Изменить стиль страницы

Костя вспомнил, как попытался избавить маму от корыстных и тщеславных мыслей, от мелочного высокомерия, так неприятно проявлявшегося иногда — вот хоть когда она распекала почтальоншу, — попытался избавить от этого душевного мусора так же, как избавлял от головной боли. И ведь получилось, кажется?! А что, если попытаться тем же способом излечить от глупости и злости Фартушнайку?! Конечно, их с мамой нельзя сравнивать, как нельзя сравнивать небольшой поверхностный нарыв с сепсисом. Но ведь если продолжать аналогию, и небольшой нарыв, и общий сепсис вызываются одним и тем же микробом (не зря же Костя получил за школьные успехи золотую медаль!), более того, нелеченый нарыв может постепенно перейти в сепсис — и лечат их одними и теми же антибиотиками. Так что, если попытаться?! Но как?! Прийти к Фартушнайке и сказать: «Вы глупая и злая, сядьте в кресло, сейчас я вылечу вас от глупости и злости!» Нет, не захочет она лечиться, она же, как все ей подобные, уверена в своем уме и прочих добродетелях. Наверняка уверена!

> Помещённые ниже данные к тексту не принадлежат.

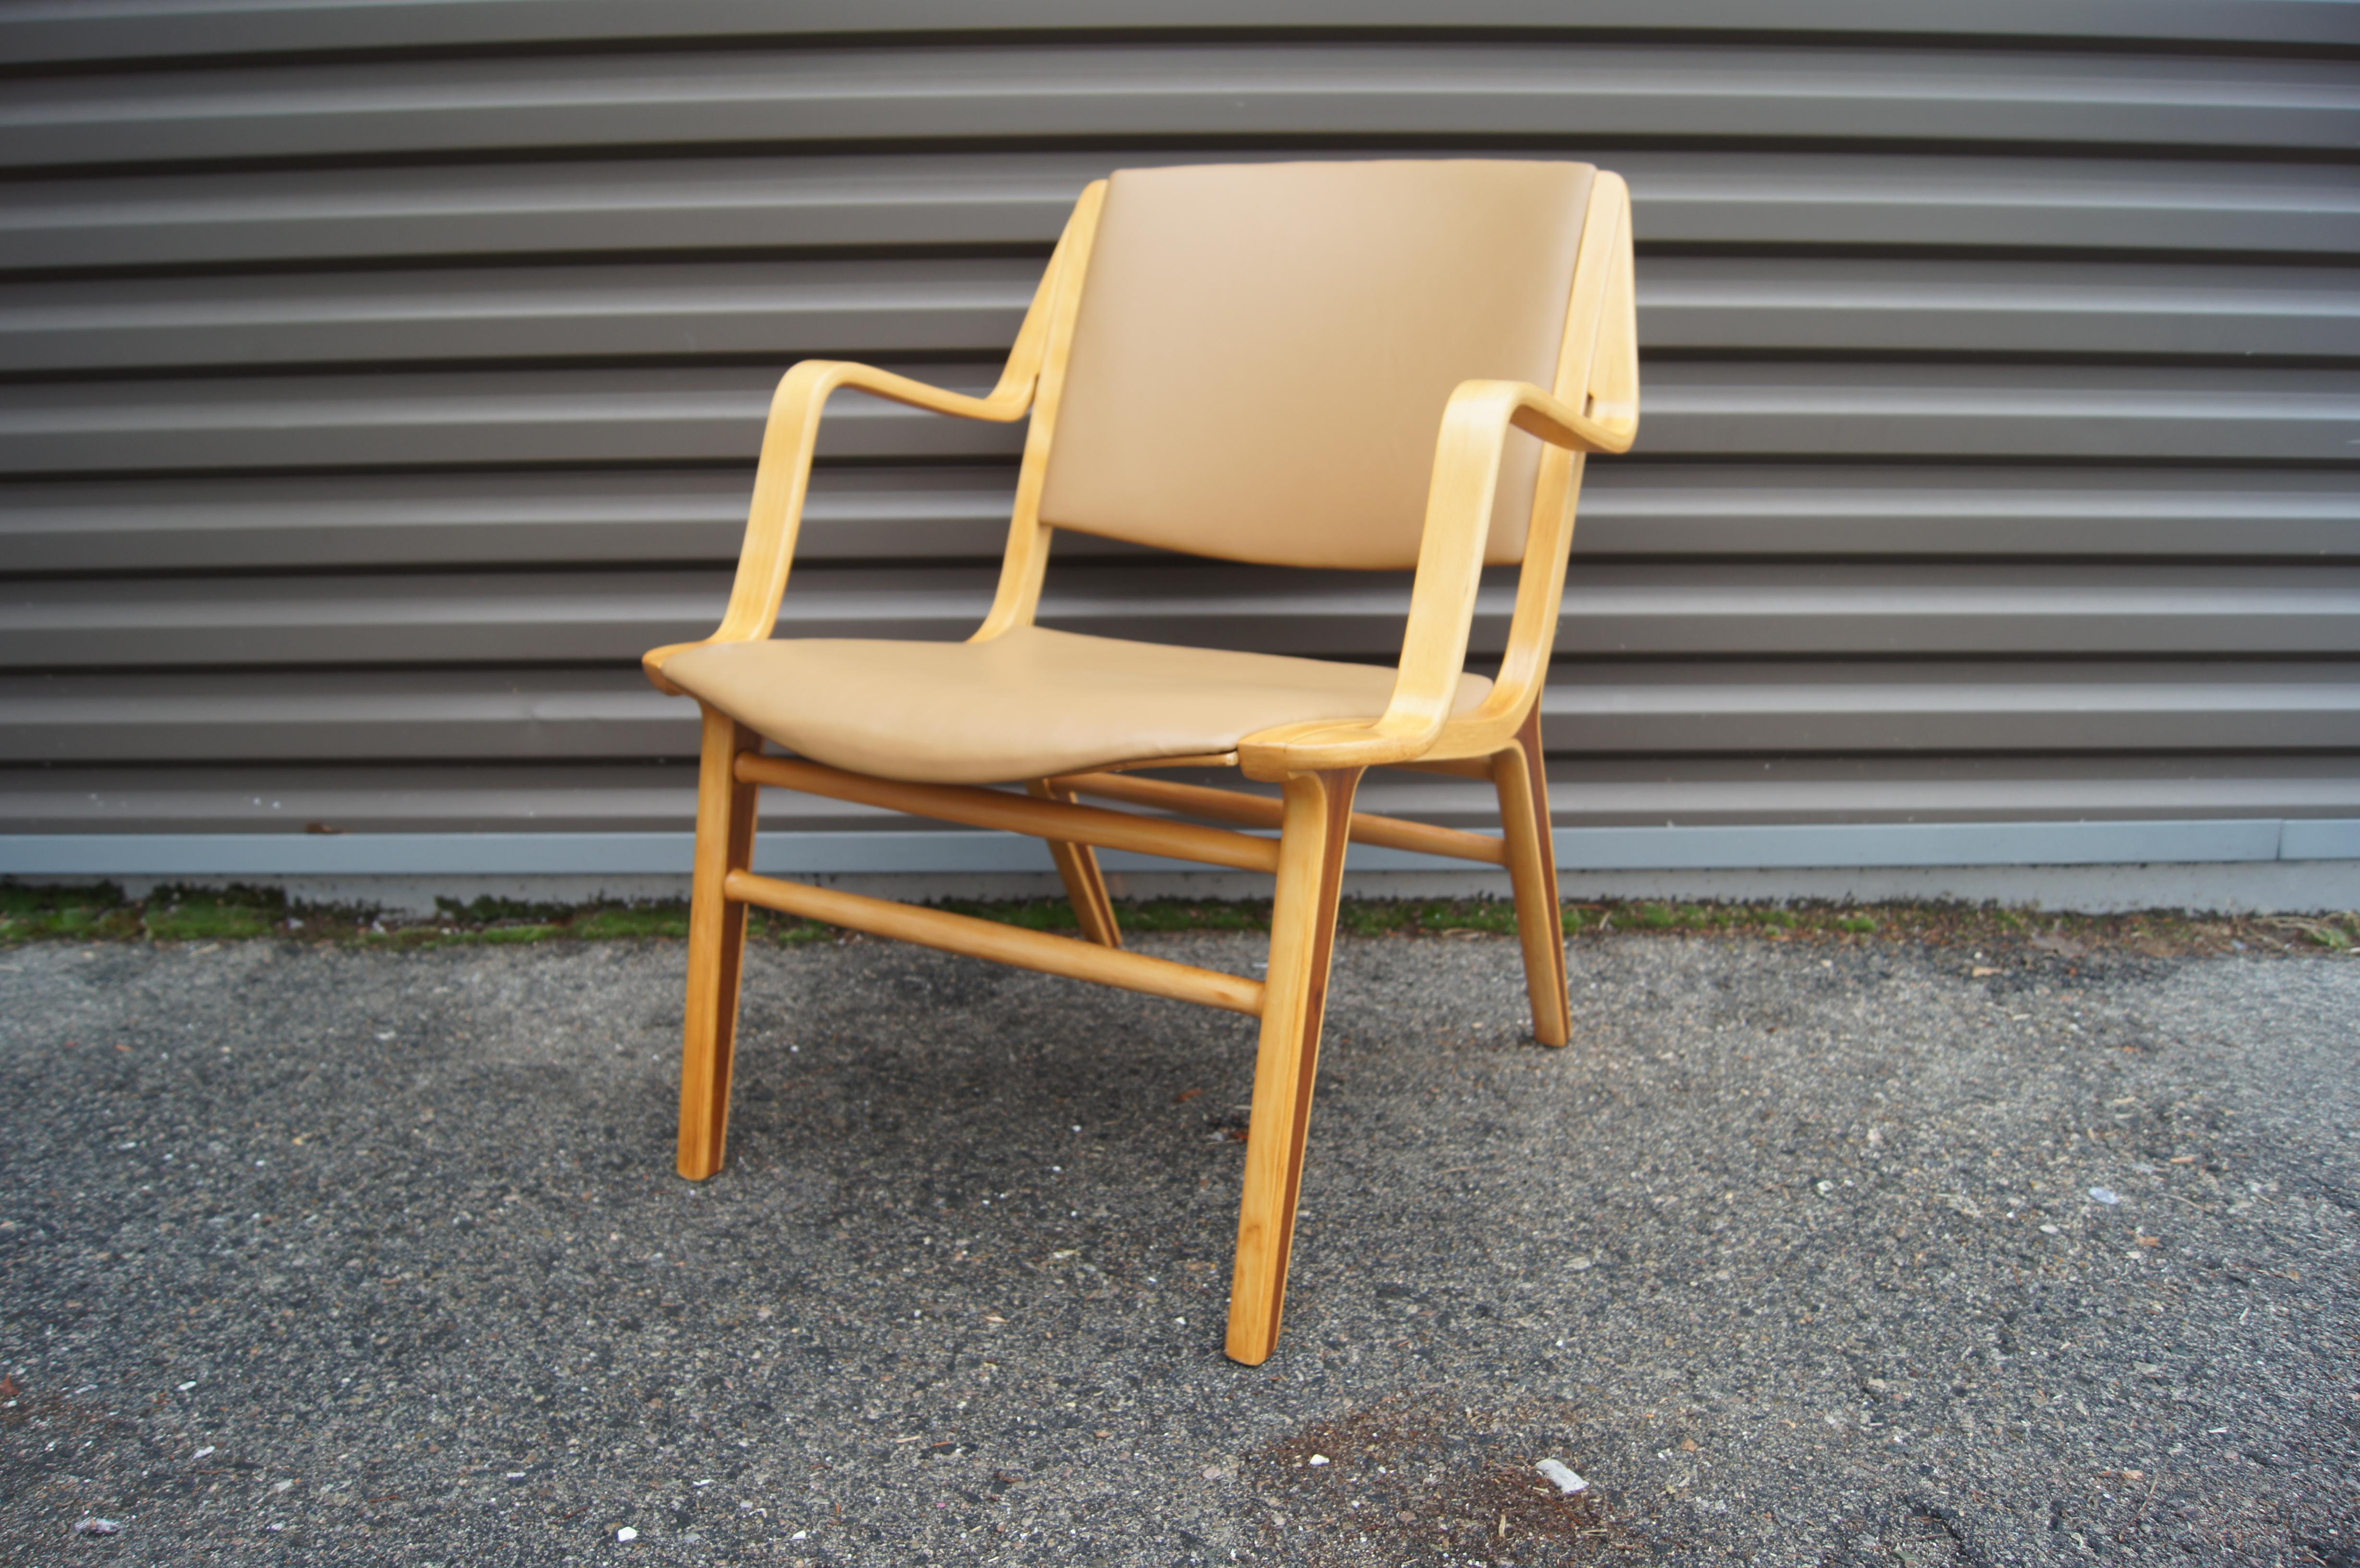 Conçue par Peter Hvidt et Orla Mølgaard Nielsen pour Fritz Hansen en 1947, la chaise Ax a un cadre en hêtre courbé avec des accoudoirs qui offre une assise extrêmement confortable. De profil, les pieds inclinés présentent un cœur en teck contrasté.

Но надо же что-то делать, как-то действовать! Лоська бы действовал. Потому что у него внутренний стержень. И он относится к жизни серьезно, хотя и старается не показывать виду. А относиться серьезно — это значит отделять четко добро от зла. И ненавидеть зло. И бороться…

Костя все летал и летал кругами над лесом — и не мог устать, не мог пережечь лихорадочные мысли. И вдруг увидел одинокую фигуру на дороге недалеко от развилки. Сверху не разглядеть было лица, но вся фигура, вся походка — разве ошибешься?! Фартушнайка! И больше никого на дороге.

Вот случай! Вылечить! Очистить душу от всей грязи, от всего мусора!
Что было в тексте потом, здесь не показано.